Он заново набил трубку и безмятежно закурил, чуть придя в себя после пустоты и обременительности дня. Панорамные окна стояли широко открытыми, и теперь наконец почувствовалось дуновение ожившего воздуха, вытянутого ночью из тех деревьев, что еще носили зеленое в этой засушливой долине. Мелодия, которую Дарнелл в восторге слушал, а теперь и ветерок, что даже в этом душном угрюмом пригороде нес весть лесов, призвал грезы в его глазах, и он размышлял о том, что не умели выразить его уста.

– Должно быть, она и впрямь злодейка, – произнес он наконец.

– Старая миссис Мерри? Ну конечно; зловредная старуха! Отговаривать девушку от хорошего места, где она счастлива.

– Да – и не любить Хэмптон-корт! Вот что больше всего другого выдает ее черную натуру.

– Там и правда красиво, верно?

– Никогда не забуду первый раз, когда его увидел. Это было вскоре после того как я попал в Сити, в первый год. Мне дали отпуск в июле, а получал я такое маленькое жалование, что не мог и мечтать поехать к морю, ничего подобного. Помню, коллега звал меня в поход в Кент. Я бы и с радостью, но денег не хватало и на это. И знаешь, что я тогда сделал? Я жил еще на Грейт-Колледж-стрит, и в первый же день отпуска провалялся в постели до обеда, а потом весь день прохлаждался в кресле с трубкой. Я нашел новый табак – один шиллинг четыре пенса за пачку в две унции, куда дороже, чем я мог себе позволить, – и наслаждался им безмерно. Стояла страшная духота, и когда я затворил окно и опустил красную штору, стало только хуже; в пять часов комната стала что твоя духовка.
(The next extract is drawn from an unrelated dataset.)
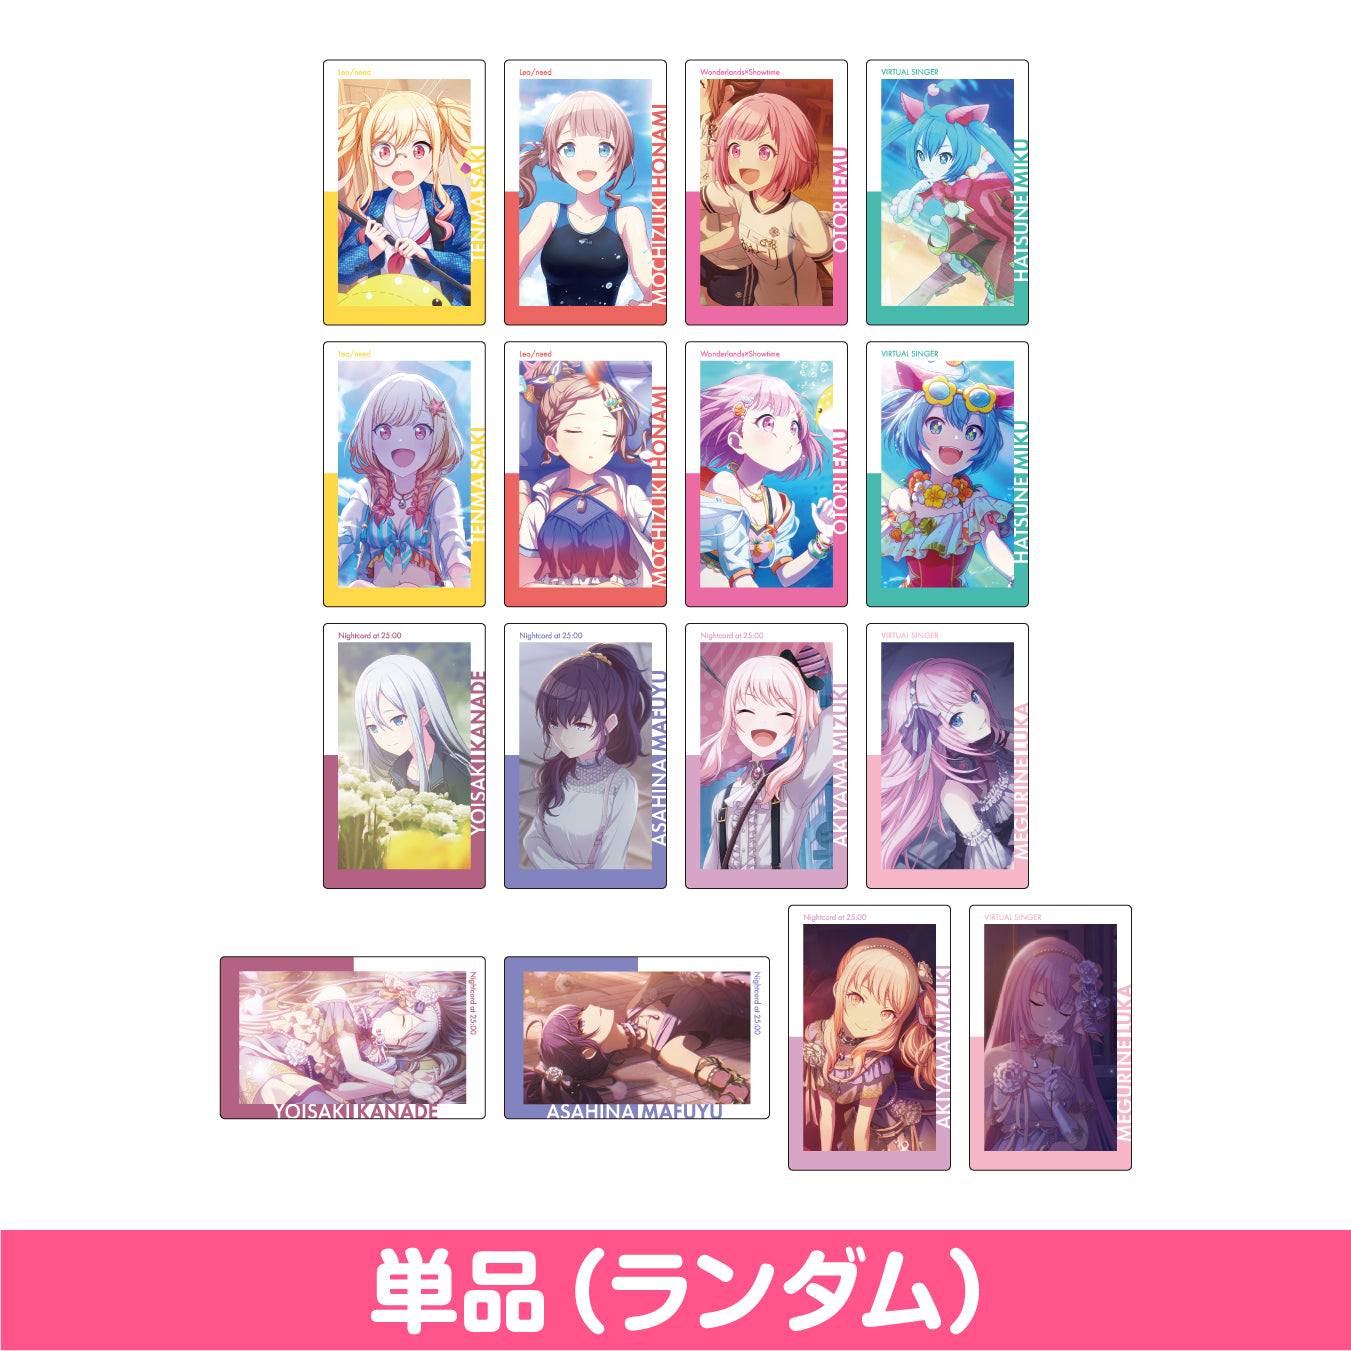 【予約商品】ePick card series vol.4 B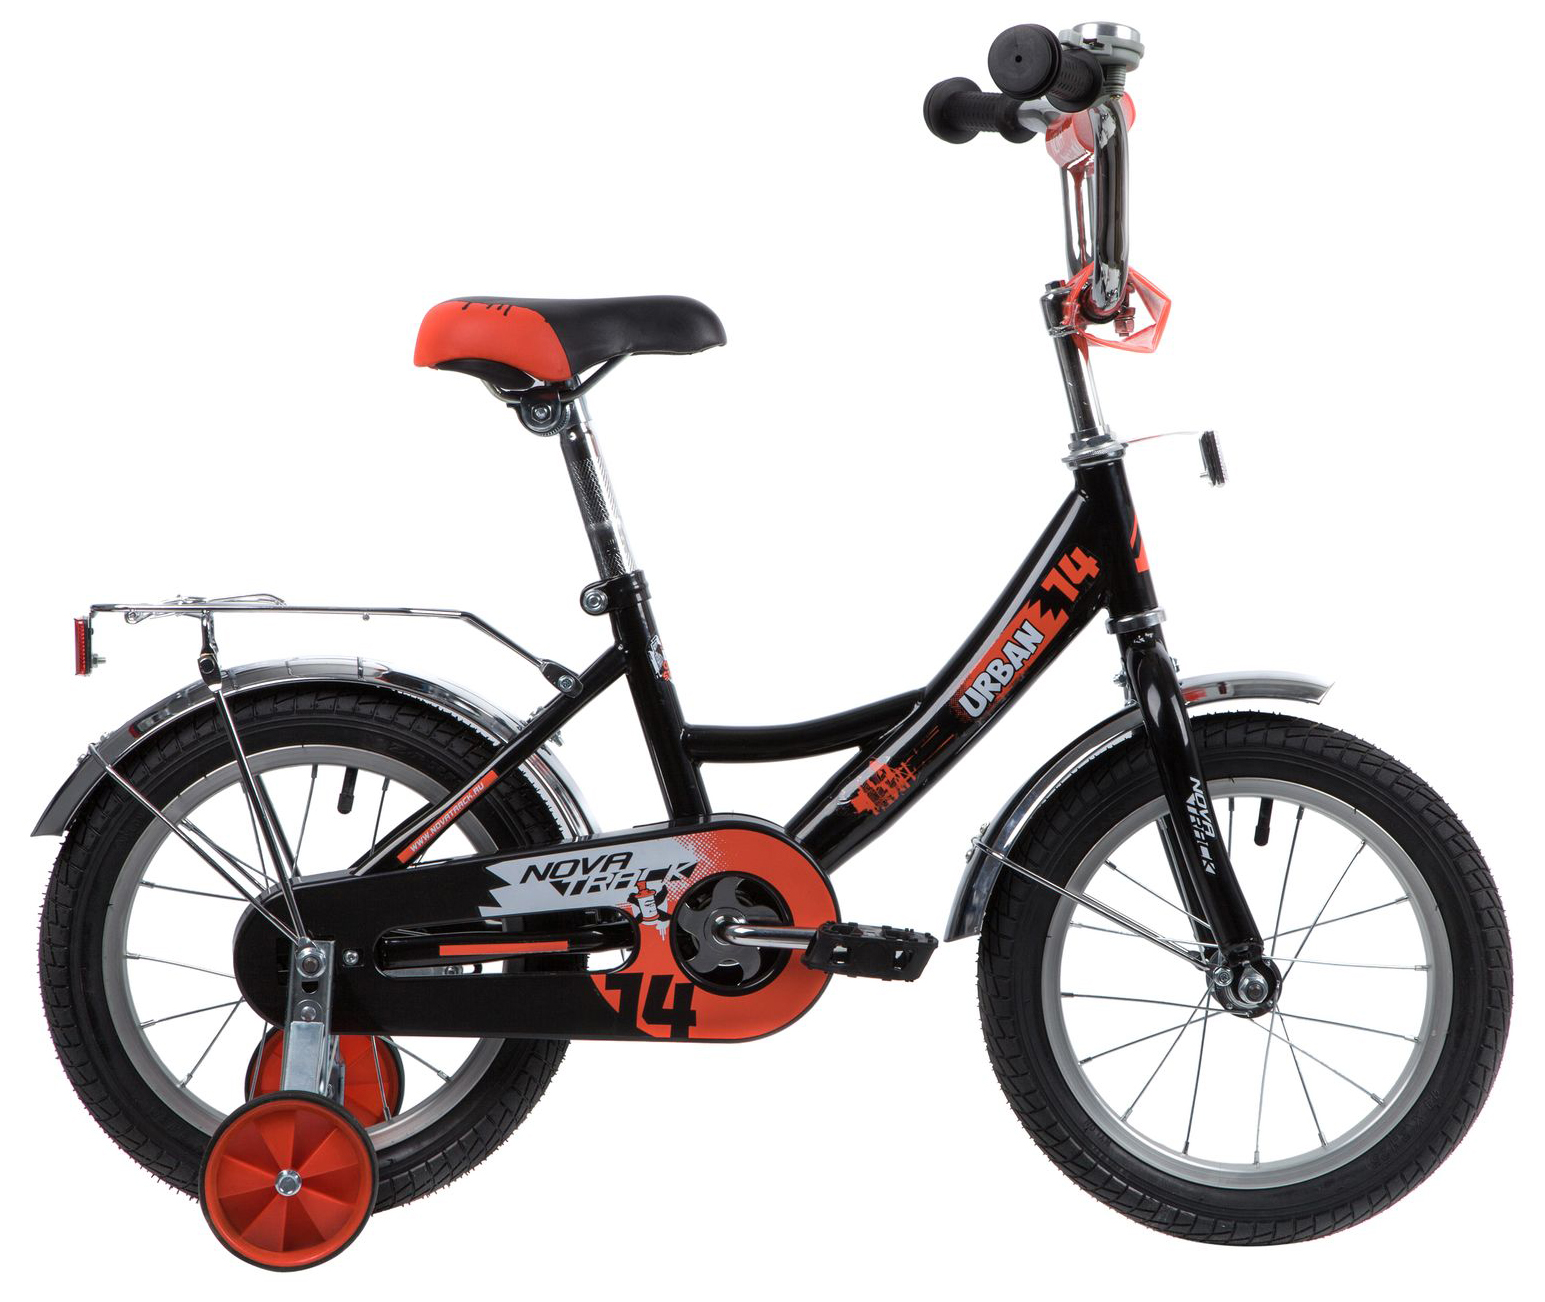  Отзывы о Детском велосипеде Novatrack Urban 14 2020

Но я был так доволен, что мне не надо ехать в Сити, что нисколько не возражал, а только время от времени читал отрывки из странной старой книги моего несчастного отца. Я не много понимал, но она почему-то шла к настроению, и я читал и курил до часа ужина. Затем вышел на прогулку, думая подышать свежим воздухом перед сном; и я брел не разбирая дороги, сворачивая то тут, то там по малейшей прихоти. Должно быть, я прошел многие и многие мили, причем многие и многие – кругами, как, говорят, ходят в Австралии, когда сбиваются с пути в буше; и уверен, что уже не смогу повторить свой путь ни за какие деньги. Так или иначе, сумерки застали меня на улице, и фонарщики уже деловито ходили от фонаря к фонарю. Чудесный вечер; жаль только, тебя со мной не было, моя дорогая.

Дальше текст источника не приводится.